Chapter 3 of 18 · 3977 words · ~20 min read

Part 3

Amid this swarm of searchers for truth the young Siddhattha also made his appearance. “Black-haired, in the bloom of manhood,” in spite of weeping and wailing parents, in spite of a loved and loving wife, in spite of a dear young son, he left his father’s halls where he had led a life of rarest pomp and pleasure to enter shaven of head and garbed in yellow, upon the inclement life-path of the penitent. It was the force of thought that drove him forth. He gazed face to face on the transiency of all that lives, and troubled, tormented by this irresistible, unseizable flood of appearances, he turned his mental eye inwards, resolved to find there in the depths of his own _I_ that hold and stay which the outer world everywhere denied to him, the weary.
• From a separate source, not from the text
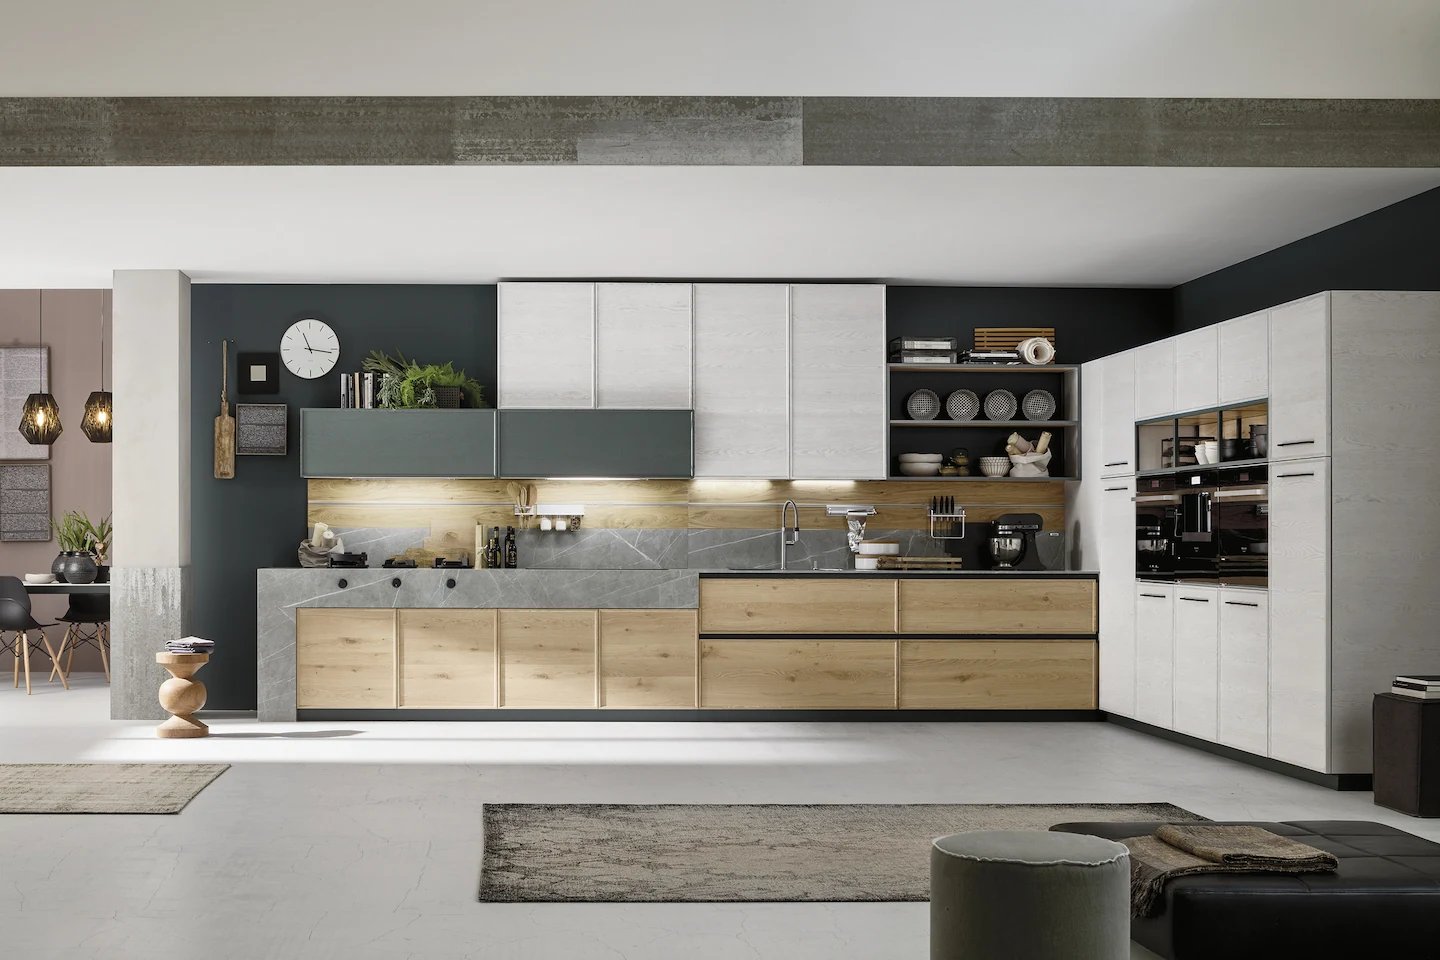 Italian kitchen cabinetry with mixed colors and textures.

Truthfulness toward oneself, seriousness of search regardless of consequences, an unfailing sense of reality, that was the foundation upon which that most banal of all phrases, adapted as is no other to coquetting with itself--the phrase, “All is transient,”--became for him that unique teaching of which he himself could say with ample right, “It is the teaching which is founded upon itself.”

In one of the Buddhist monk’s chants there occurs the phrase, “One single thing--he thinks it out!” This, in few words, is what the Buddha did. He thought out to an end, _one_ thought--the thought of transiency. I will not call his teaching the grandest or the deepest of all teachings. Grand, likewise, is Heraklitus’s teaching of the All-becoming; deep, likewise, is the Vedanta teaching of the All-one in Brahman; but the teaching of the Buddha is more than this--_it is actual_. Through this it obtains that really compelling character such as is possessed by actuality alone. For there is only one thing that is compelling--truth; and there is only one thing that is true--actuality.
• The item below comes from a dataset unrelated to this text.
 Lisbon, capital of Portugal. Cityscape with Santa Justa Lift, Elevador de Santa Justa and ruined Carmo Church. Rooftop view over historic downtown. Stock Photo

Through this its truthfulness, his teaching has conquered half a world; not by fire and sword but even as truth conquers, by demonstration, by teaching. And so it now stands, old by two thousand years, before the portals of western culture, and claims entrance not into the cloudy domain of a vague mysticism or a crude pantheism, but into the realm of clear, clean thinking, as fulfilment of that which never can be attained by the means at the disposal of science. Comprehension, a world-conception, this goal of all mental life, made impossible by science in its false apprehension of the task--this the Buddha resolves in the limitation that reveals the genius.

Whoso, if only from afar, has scented the import of the Buddha and his teaching, must feel that here he has to do with something wholly unique. One can place on one side not only all the religions of the world but also all the philosophical and scientific systems, and upon the other Buddhism will take its place alone. Yet not as their antithesis. Buddhism is the teaching of actuality, and actuality has no antitheses, because itself the union of antitheses. The Buddha laid hold of actuality there where alone it can be laid hold of--in one’s own _I_. Here he found the secret law, the sacred riddle that the chorus outside there mockingly sings us, like to some oracle of Delphi at one and the same time revealing and concealing.

All religions founded upon revelation are of a decidedly revolutionary nature. Buddhism is a pure evolution, a process of mental development in which thought, so to speak, passes a culminating point and works on with reversed signs. This reversal of all life-values has set in with a new point of view, from which the _struggle for no more existence_, so unintelligible for us, follows as a logical necessity. Henceforth truth is no more the servitor of life, but life of truth. As a candle manifests itself through itself, by consuming itself in burning, so does the _I_ manifest itself through itself in expending itself in thinking. In this teaching he is not great who loves most, but he who thinks most.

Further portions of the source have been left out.